** Instructions for the task **
In the records below, repeat exactly the lines between the line holding "Набор дисков для" and the line holding "Sec faili maksā", inclusive, and drop the pictures.

** Source material **
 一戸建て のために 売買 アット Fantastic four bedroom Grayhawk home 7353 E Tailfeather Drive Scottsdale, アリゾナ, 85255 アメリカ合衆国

* * *

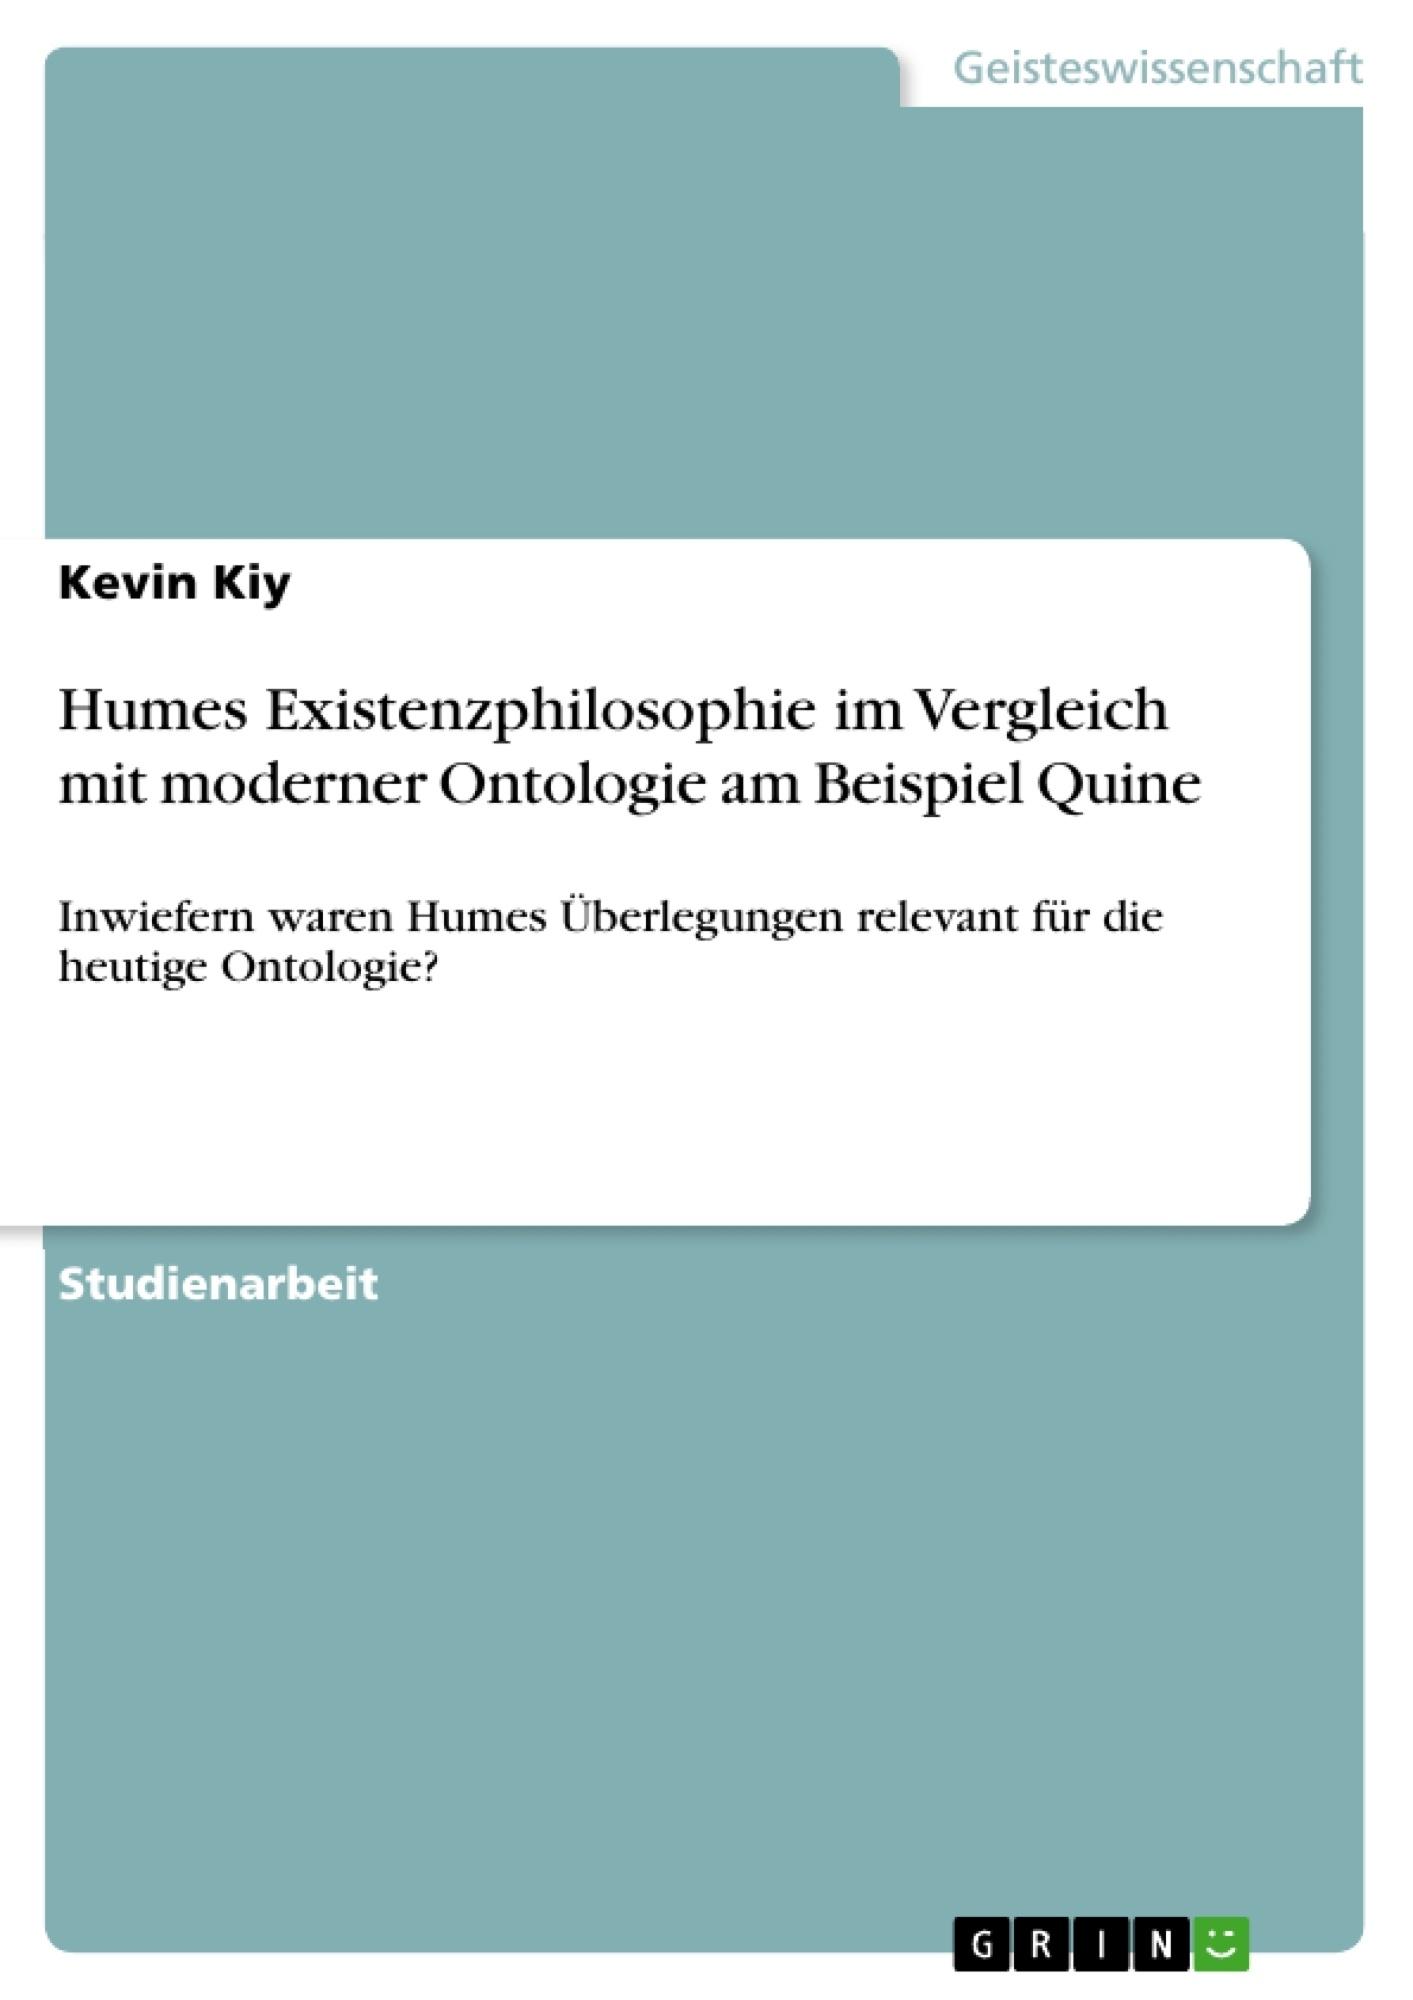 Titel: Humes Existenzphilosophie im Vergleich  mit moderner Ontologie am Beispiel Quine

* * *

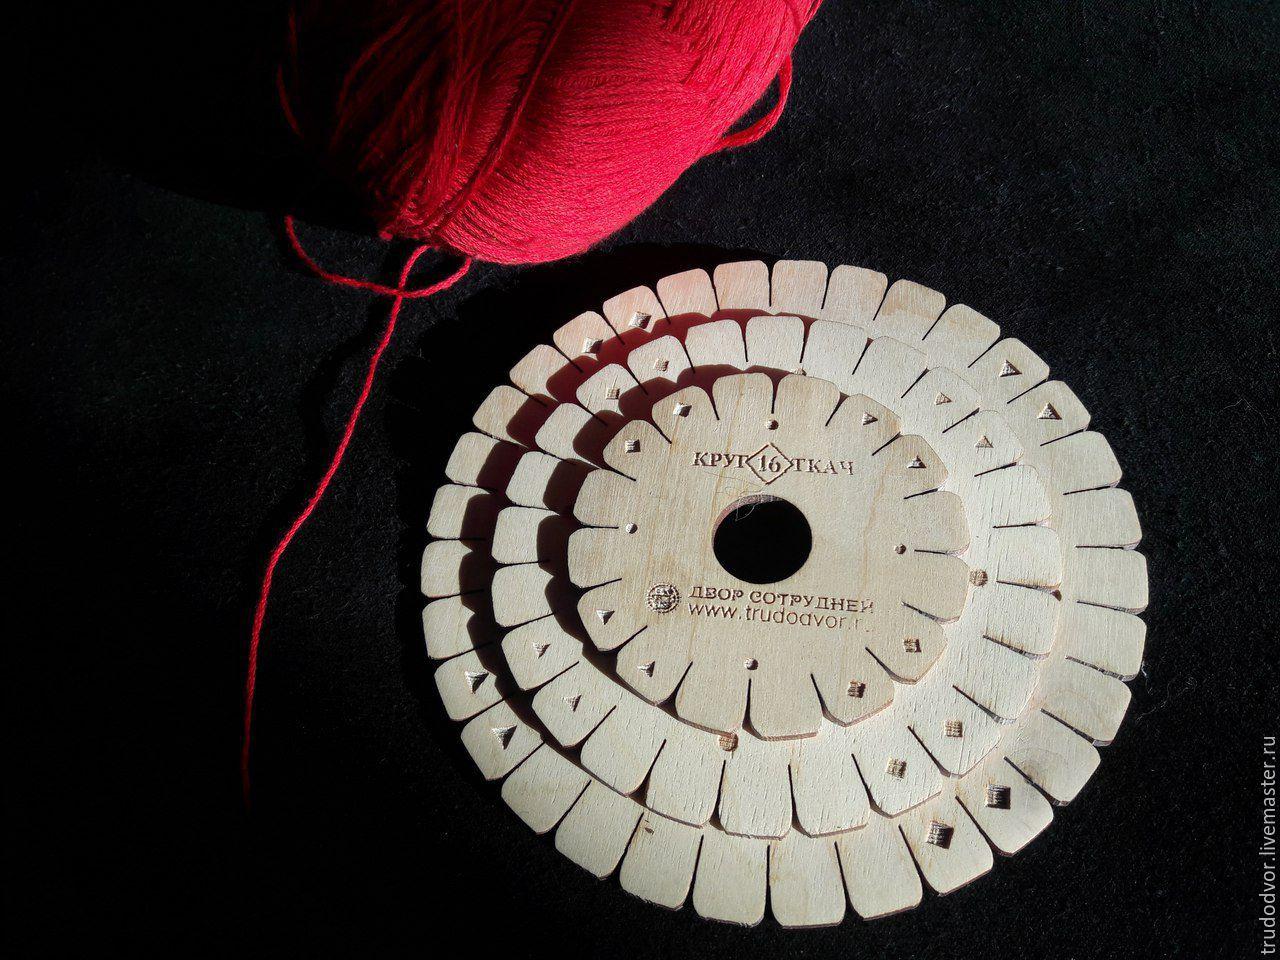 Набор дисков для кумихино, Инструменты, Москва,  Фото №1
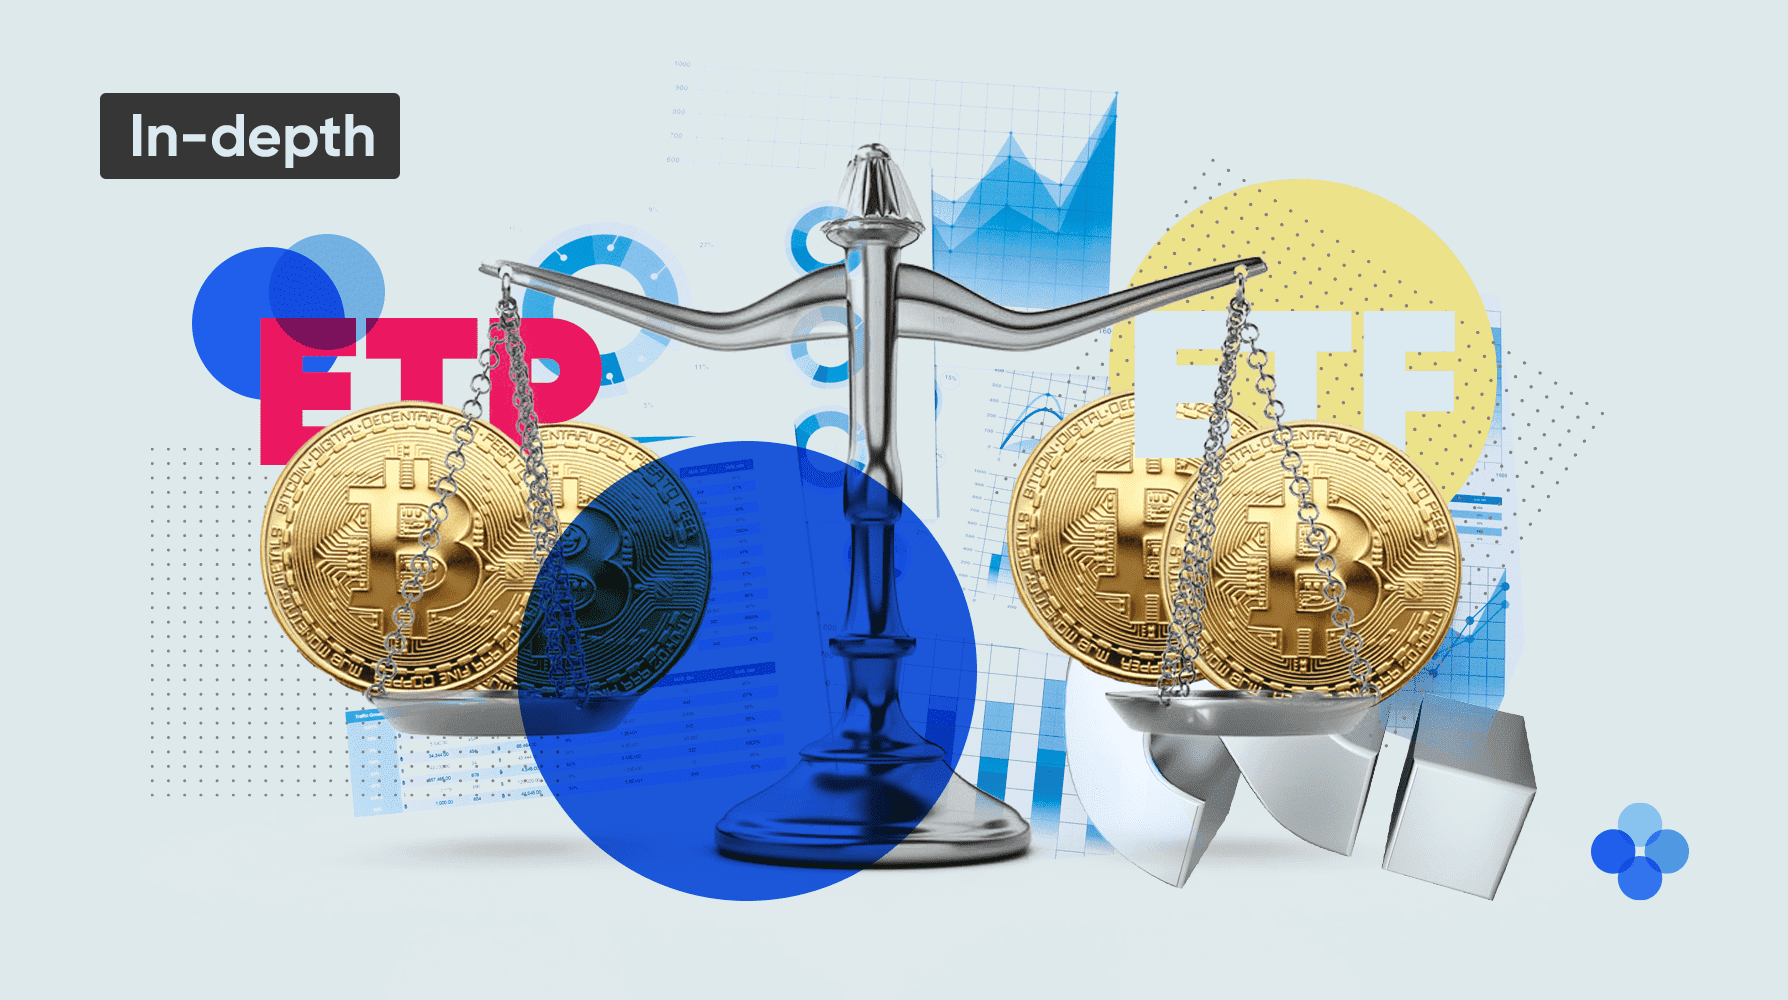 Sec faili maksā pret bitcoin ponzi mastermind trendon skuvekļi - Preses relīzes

** Exercise solution **
 Набор дисков для кумихино, Инструменты, Москва,  Фото №1
 Sec faili maksā pret bitcoin ponzi mastermind trendon skuvekļi - Preses relīzes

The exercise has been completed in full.